-- RECORDS PROVIDED --
>>>

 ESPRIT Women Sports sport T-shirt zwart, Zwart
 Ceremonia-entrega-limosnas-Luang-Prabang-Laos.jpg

<<<
>>>

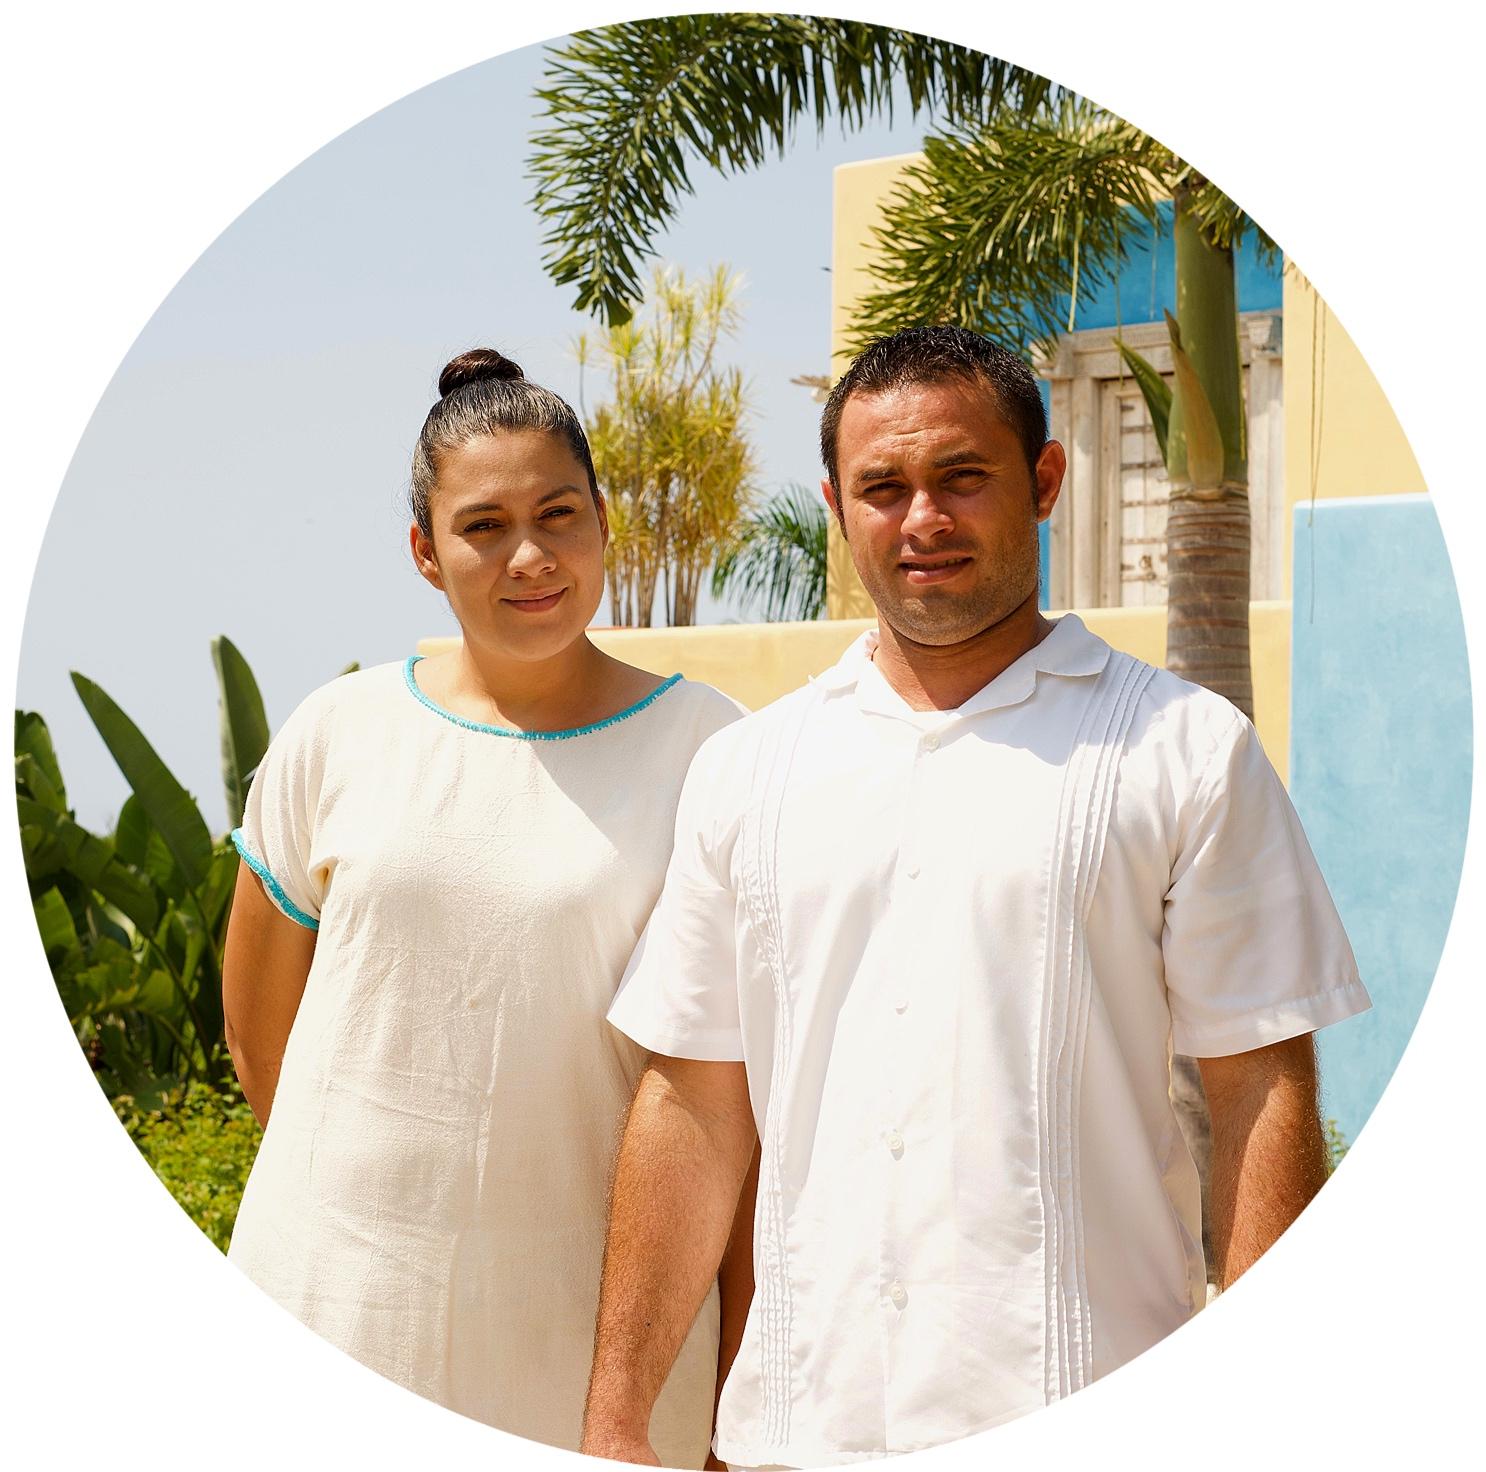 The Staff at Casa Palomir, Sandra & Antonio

<<<

-- TO DO --
Search the listing above for the lines with "ESPRIT Women Sports" and "Ceremonia-entrega-limosnas-Luang-Prabang-Laos.jpg", then output those lines and all lines between them exactly.

-- RESPONSE BOX --
 ESPRIT Women Sports sport T-shirt zwart, Zwart
 Ceremonia-entrega-limosnas-Luang-Prabang-Laos.jpg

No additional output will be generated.